Full scope (what this project ships)

Core:

  • Ingest transcripts in plain text (.txt), Word (.docx), WebVTT (.vtt), and SubRip (.srt). For captions, only the spoken text is changed; timing lines and cue identifiers are preserved. For Word, paragraph structure is preserved.
  • A built in detection engine covering emails, phone numbers, URLs, IP addresses, SSNs, credit cards (Luhn checked), IBANs, dates, persons (titles, self introductions, and a bundled given name gazetteer), organizations, locations and addresses, and transcript speaker labels.
  • A persistent SQLite project store that makes pseudonyms consistent: an entity is keyed by type and normalized surface, so the same name maps to the same pseudonym across files and runs.
  • Per type de-identification actions: pseudonym (P01, ORG1, LOC1), redact to a generic tag ([EMAIL]), or keep. Defaults are sensible and configurable.
  • A review workflow: list detected entities, change any decision, reject false positives, and merge entities (so "Jane" and "Jane Doe" share one pseudonym).
  • De-identified output files, a pseudonym map (CSV), and an audit log (CSV).

Optional and opt in:

  • A Presidio backend for spaCy based NER.
  • A local LLM pass (via Ollama) that proposes quasi identifiers (employer, unique role, rare place).
  • An interactive terminal review command.

Install

Requires Python 3.10 or newer (developed and tested on 3.14).

python -m venv .venv
# Windows PowerShell:  .venv\Scripts\Activate.ps1
# Git Bash / Linux / macOS:  source .venv/bin/activate
pip install -e .

Exact pinned environment:

pip install -r requirements-lock.txt
pip install -e . --no-deps

Optional extras:

pip install -e ".[presidio]"  # spaCy based NER backend (also needs a spaCy model)
pip install -e ".[tui]"       # interactive Textual reviewer
pip install -e ".[dev]"       # pytest and hypothesis for the test suite

Usage

One step de-identification

qualideid deid interview.txt -o out/

This scans the file, applies the default decisions, and writes out/interview.deid.txt, out/pseudonym_map.csv, out/audit_log.csv, and a project store out/qualideid.sqlite. Example output:

INTERVIEWER: Could you introduce yourself?
P: My name is P01. You can reach me at [EMAIL] or [PHONE].
I work at ORG01 and I live in LOC01. My colleague P02 joined in 2019.

The full review workflow

# 1. Scan one or more transcripts into a project store
qualideid scan interview1.txt interview2.vtt --project study.sqlite

# 2. Review what was found and how it will be replaced
qualideid entities --project study.sqlite
qualideid entities --project study.sqlite --csv review.csv   # or export to CSV

# 3. Correct decisions: reject a false positive, change an action, or merge
qualideid set --project study.sqlite --id 7 --status rejected
qualideid set --project study.sqlite --id 3 --action redact
qualideid merge --project study.sqlite --into 2 --from 5     # "Jane" and "Jane Doe"

# 4. Apply to produce de-identified copies plus the map and audit log
qualideid apply interview1.txt interview2.vtt --project study.sqlite --out out/

# Inspect the mapping and the trail at any time
qualideid map --project study.sqlite
qualideid audit --project study.sqlite

Run python -m qualideid ... if you prefer not to install the console script.

Configuration

Settings come from built in defaults, an optional TOML file (--config), and two environment variables.

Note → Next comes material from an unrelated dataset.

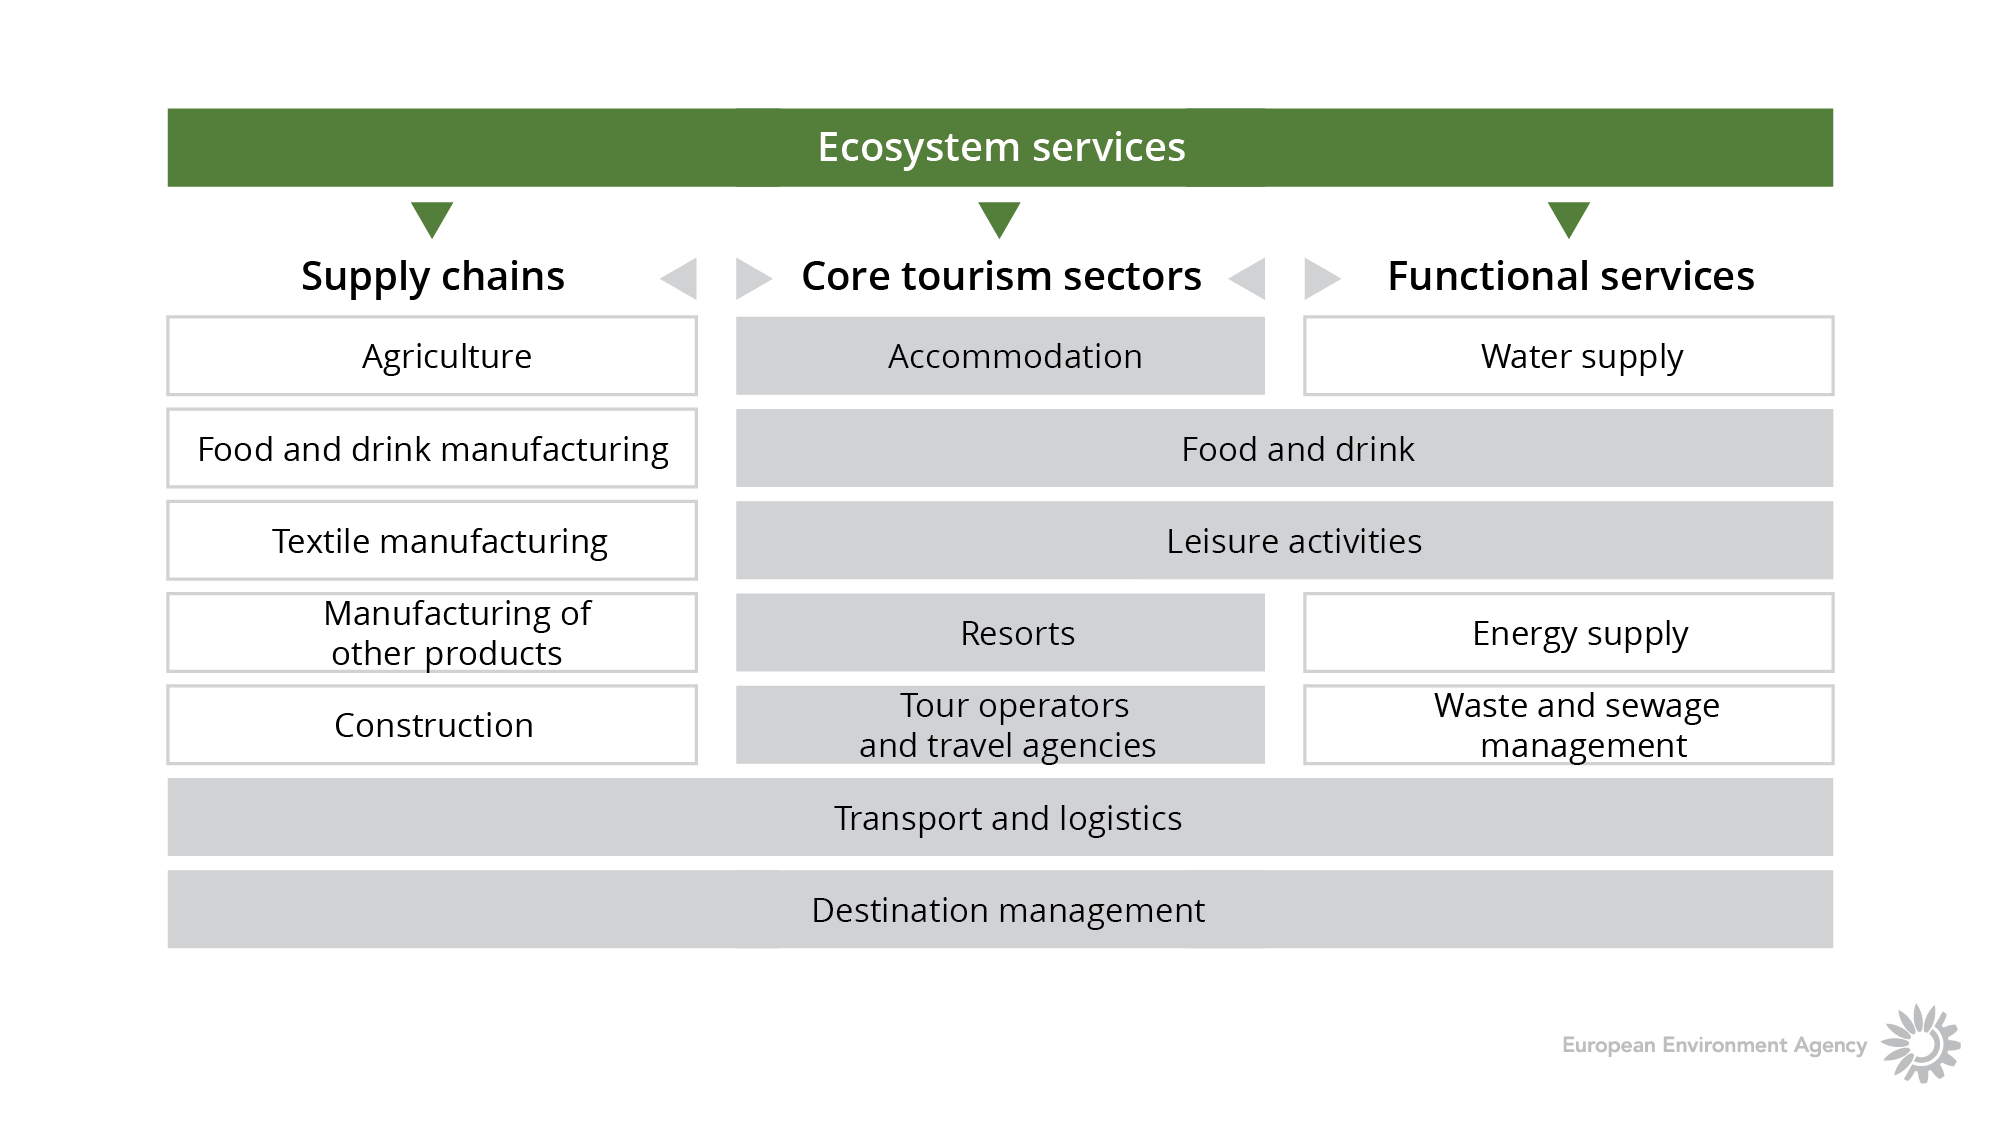 Components of the tourism system
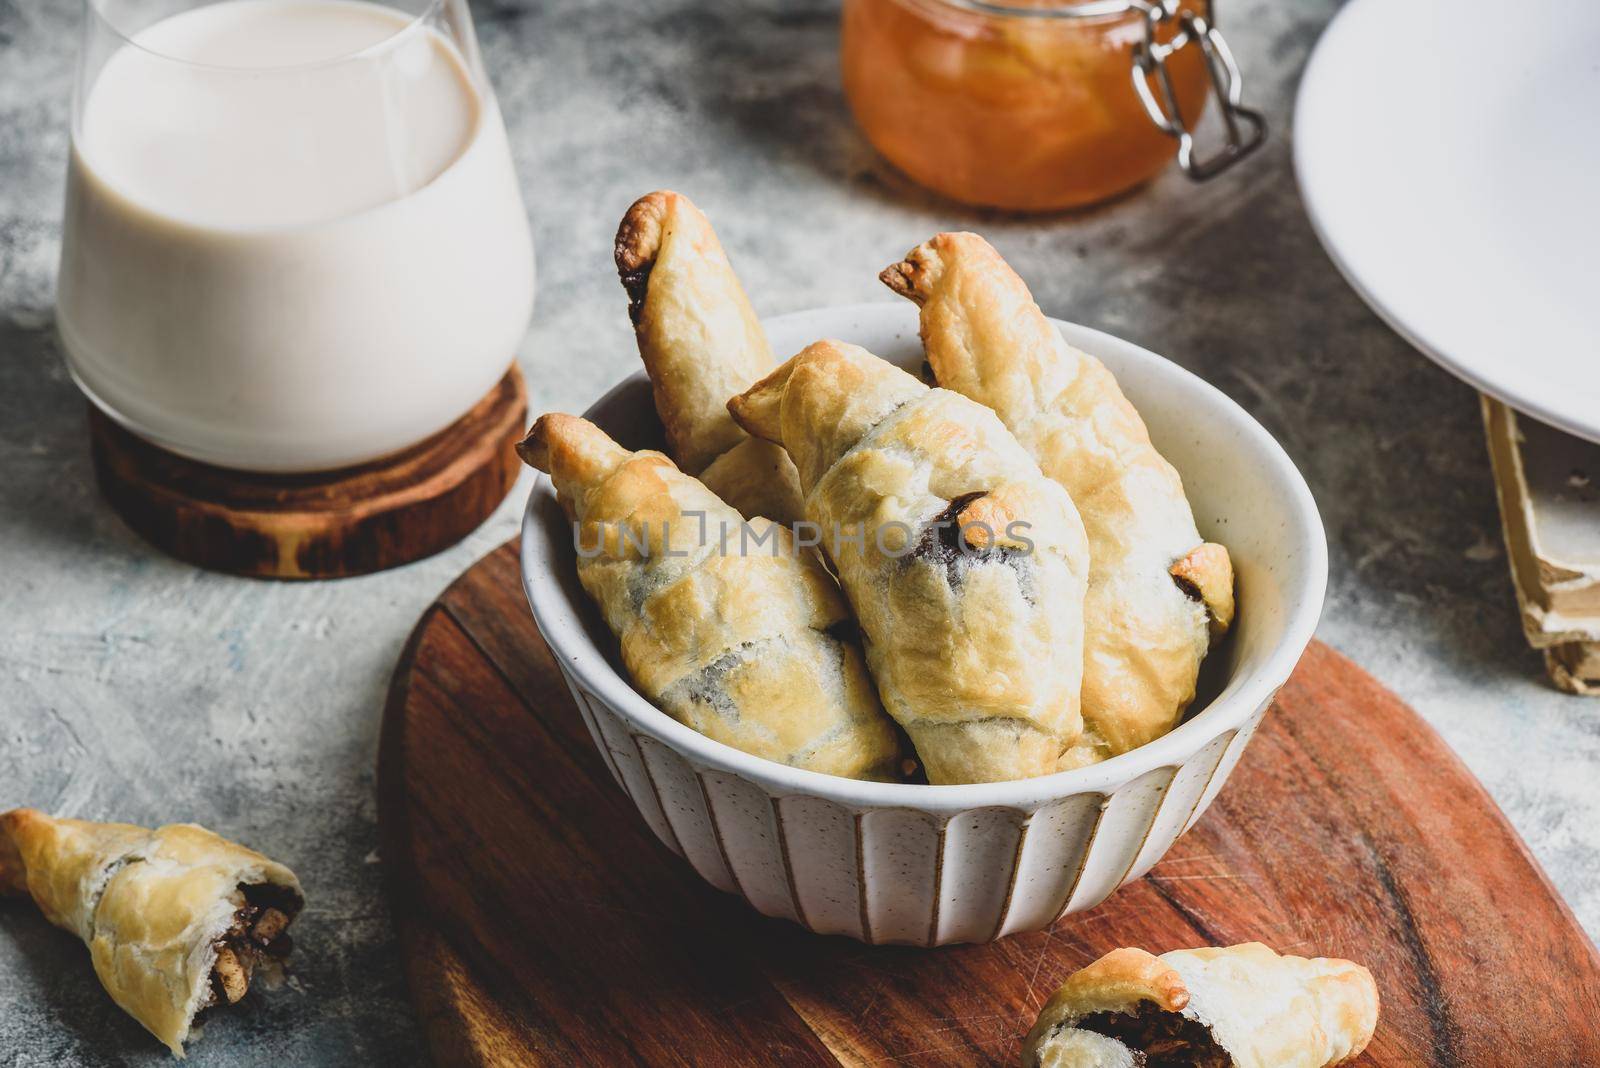 Bowl of fresh baked croissants stuffed with nuts and chocolate spread

A TOML file can change the action per entity type and the pseudonym label prefixes:

[qualideid]
backend = "builtin"   # or "presidio"

[qualideid.actions]
DATE = "redact"       # redact dates instead of keeping them
LOCATION = "pseudonym"

[qualideid.labels]
PERSON = "Participant"

Environment variables: QUALIDEID_BACKEND and QUALIDEID_OLLAMA_HOST (used only by the optional LLM pass). No secrets are read or stored.

Detection notes and limits

The built in engine is deliberately cautious and is not a substitute for a human reviewer; that is exactly why the review and merge steps exist. Names are found by titles (Dr., Ms.), self introductions ("my name is ..."), a bundled given name list, and capitalized name sequences. Co-reference (linking "Jane" to "Jane Doe") is resolved by the merge command. Enable the Presidio or LLM backends for stronger name, organization, and quasi identifier coverage.

How to run the tests

pip install -e ".[dev]"
pytest

The suite (42 tests) builds its own transcripts (including DOCX, VTT, and SRT) in temporary directories and runs fully offline. It covers the recognizers, overlap resolution, the store and pseudonym consistency, the redactor, every transcript format, the end to end de-identification property, the CLI, configuration, and the security properties below.

Architecture notes

  • models.py entity types, actions, and the entity record.
  • config.py per type actions, labels, and detection settings.
  • recognizers.py the built in detectors (structured and heuristic).
  • names.py the bundled given name gazetteer and stop word list.
  • detect.py runs recognizers and optional backends, then de-overlaps spans.
  • pseudonyms.py pseudonym formatting and surface normalization.
  • store.py the SQLite project store (parameterized SQL only).
  • transcripts.py format specific reading and writing.
  • engine.py scanning, the redactor, and applying decisions.
  • pii_backends.py the optional Presidio and Ollama backends.
  • cli.py the Typer command line interface.

Security notes

QualiDeID handles the most sensitive data a researcher holds, so safety is a first class concern.

  • No SQL injection. Every database statement uses bound parameters, never string formatting, so transcript text (which becomes entity surfaces) can never be interpreted as SQL. There is a test that a malicious surface containing DROP TABLE is stored as data and the database is unharmed.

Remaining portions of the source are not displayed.